Co-owner Amber Pollock, center, works behind the bar in May at Backwards Distilling Company's tasting room in downtown Casper. State leaders hope to encourage more business development by young people in Wyoming.

For decades, Wyoming has had a youth problem.

It’s been a well-documented trend that, for years, the state’s young people have been leaving in droves, unable to find suitable jobs or opportunities to make a living in the place that raised them.

It’s a problem that groups like the Wyoming Business Council and the state’s economic development initiative, Endow, have come to recognize as critical to diversifying the state’s economy, particularly as Wyoming’s population grows older and revenues from traditional sources like coal decline.

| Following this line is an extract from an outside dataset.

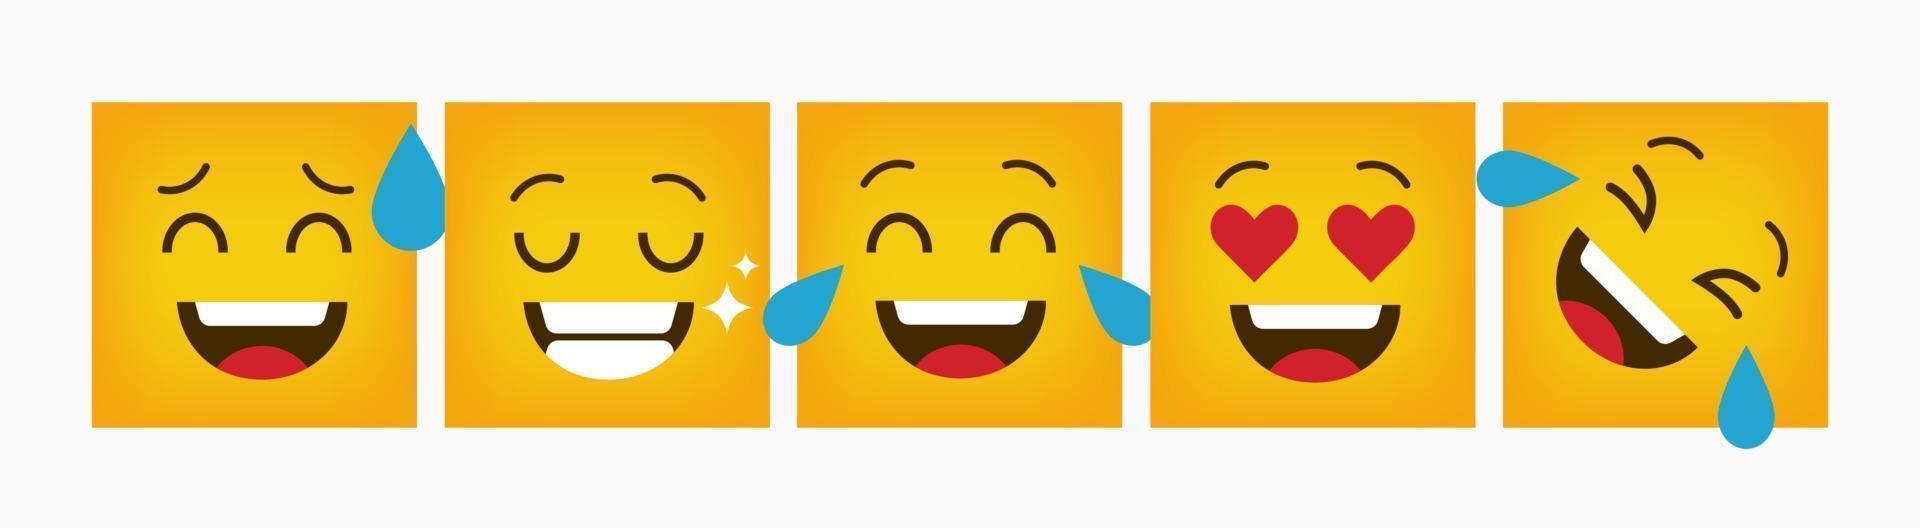 emoticon quadrato di reazione di design impostato piatto vettore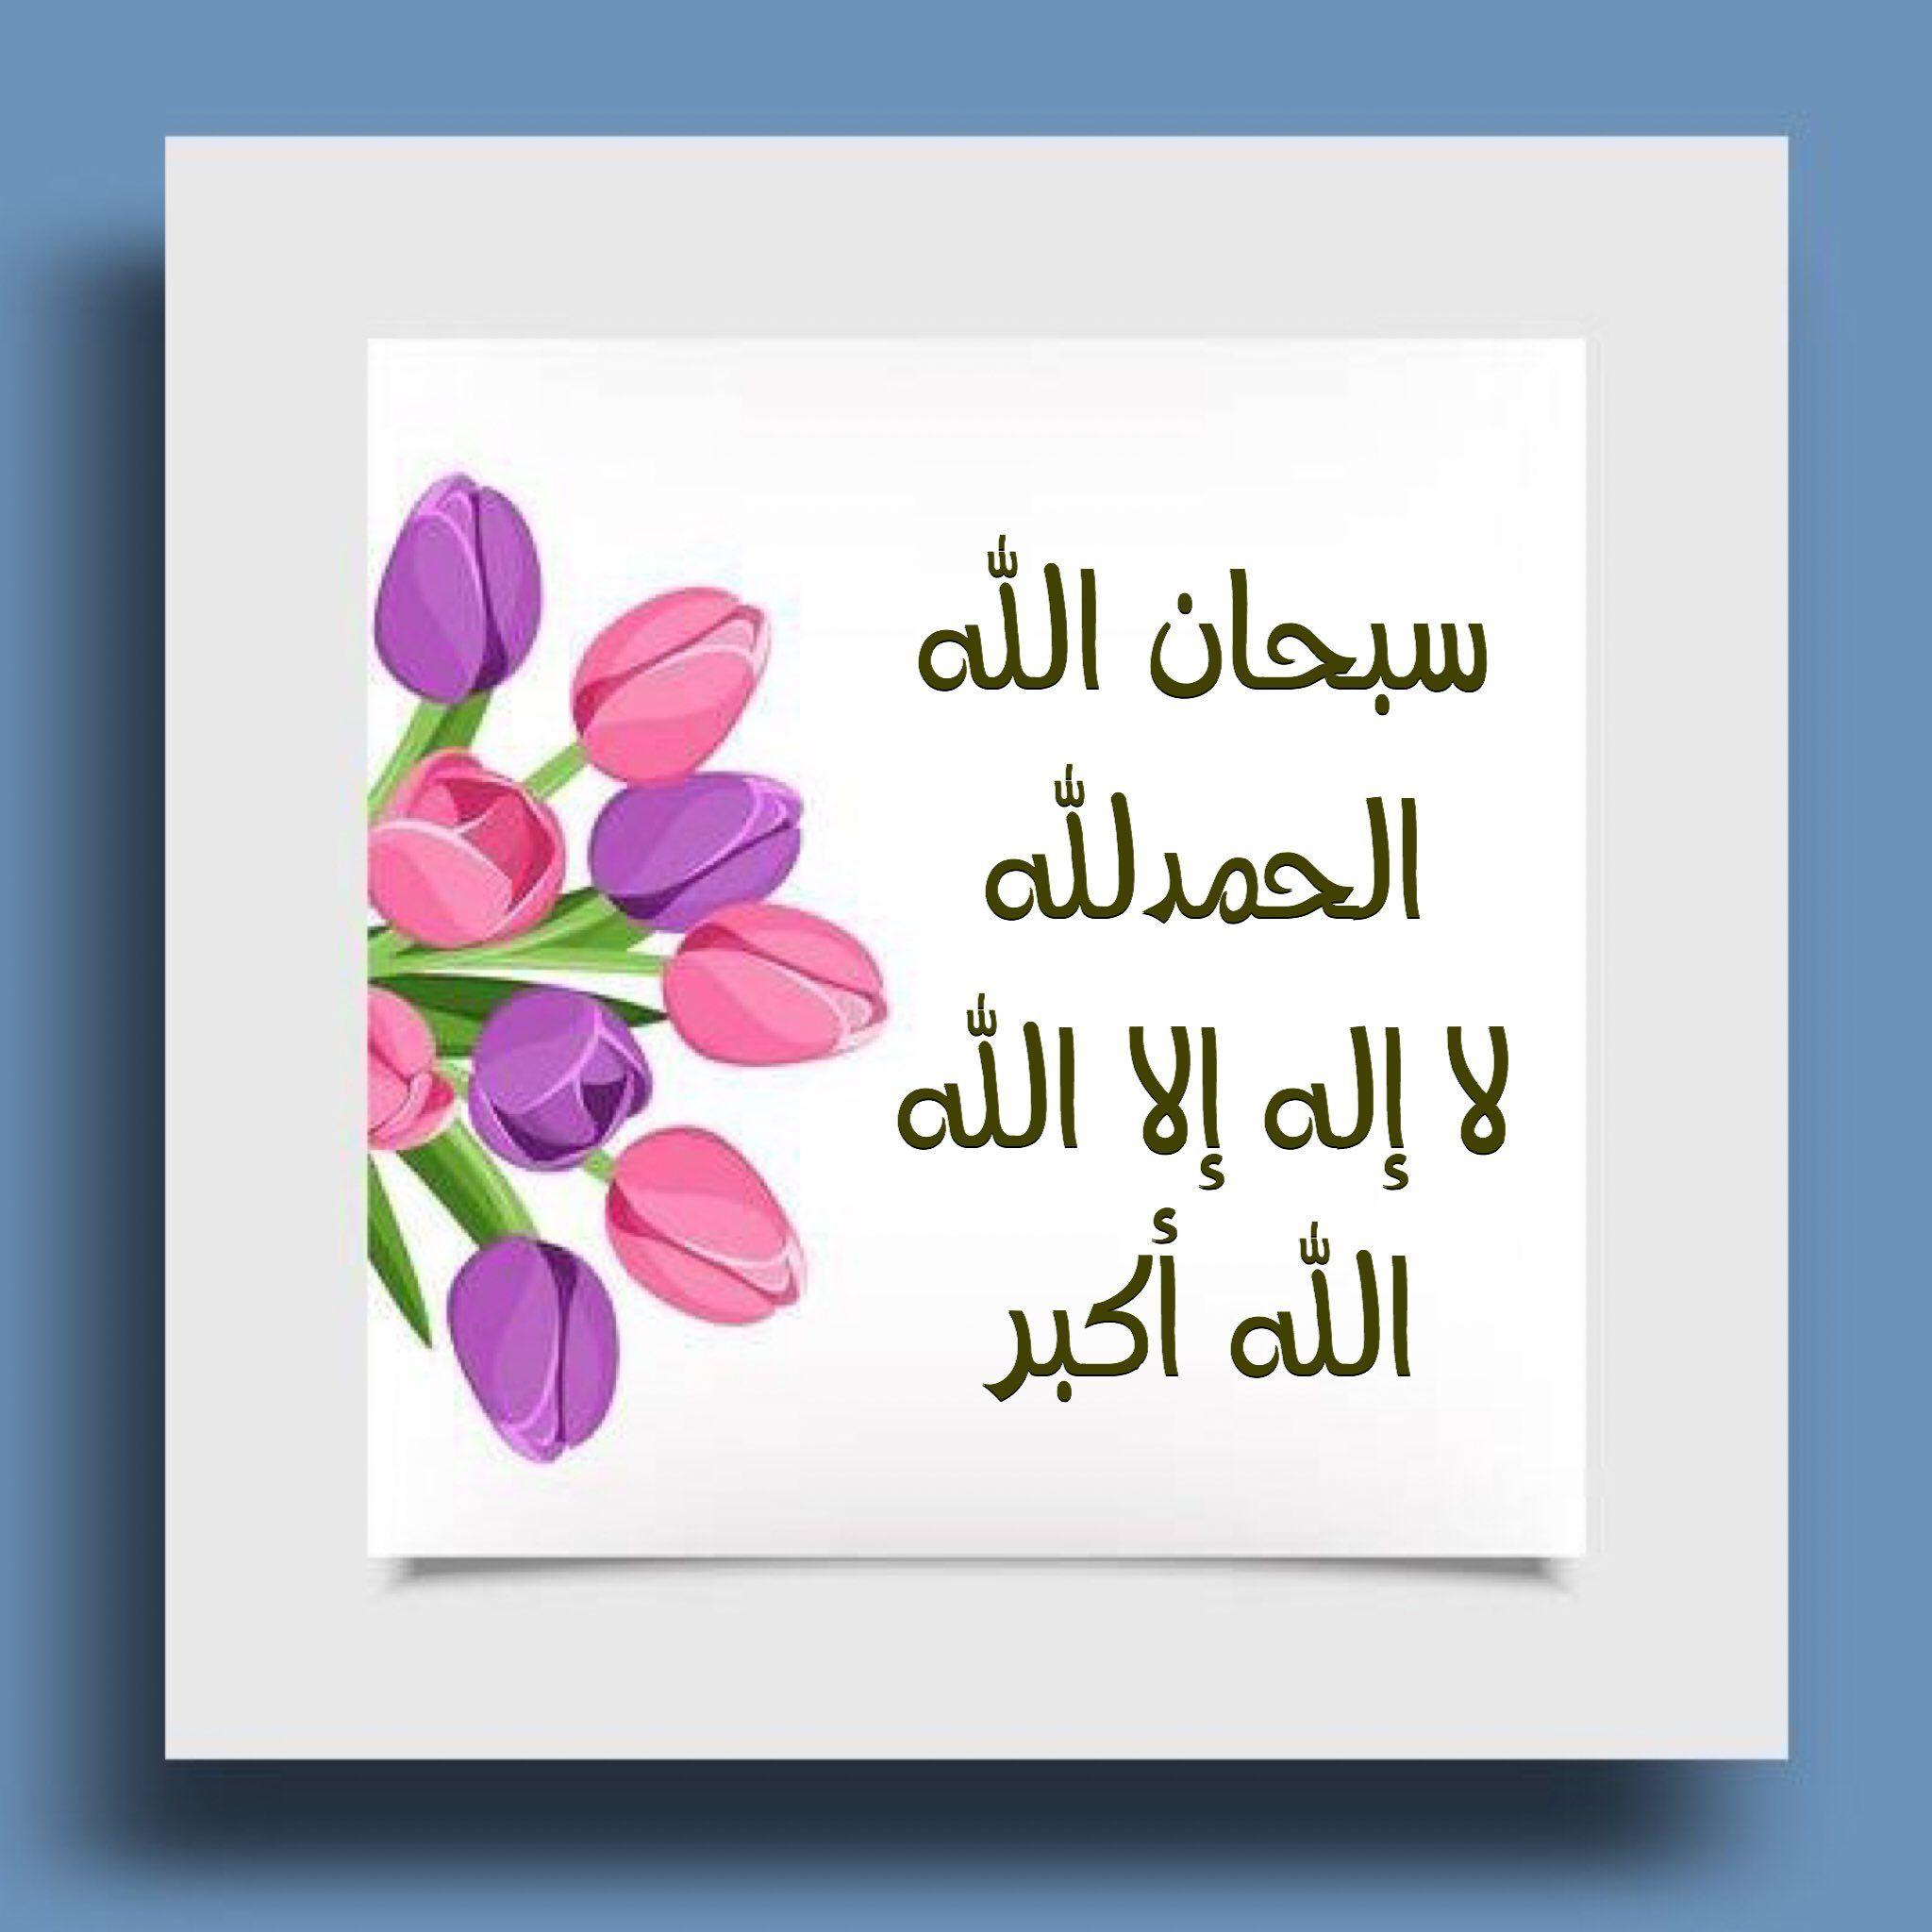 سبحان الله والحمد لله ولا إله إلا الله والله أكبر Islamic Art Calligraphy Doa Islam Islamic Art

Last fall, the state released its plan to break the pattern, unleashing a 20-year plan to break the boom-and-bust cycle through a mix of education, opportunity and community development. And the voices of the state’s youngest leaders were a critical part.

When the young leaders of ENGAGE – the arm of ENDOW aimed at 18- to 35-year-olds – met for the first time last summer, few expected the level of enthusiasm ultimately exhibited for their efforts, much less for an event planned over the course of just a few months. However, last year’s summit attracted roughly 200 people from all around the state, each there to lend their voices to what would become the final version of former Gov. Matt Mead’s wide-ranging plan to right the state’s economy.

But the meeting was also aspirational, designed to gauge their wants and needs as well as their perceptions on what Wyoming was lacking for millennials and members of Gen Z alike, whether it was an appropriate level of resources or a barrier to accessing the opportunities needed to gain footing in Wyoming’s economy.

The report is finished and the next stage of the vision is being set. But for ENGAGE – which is hosting its second such summit in Casper next Saturday at the Yellowstone Garage – the focus is on maintaining the momentum they’d already built.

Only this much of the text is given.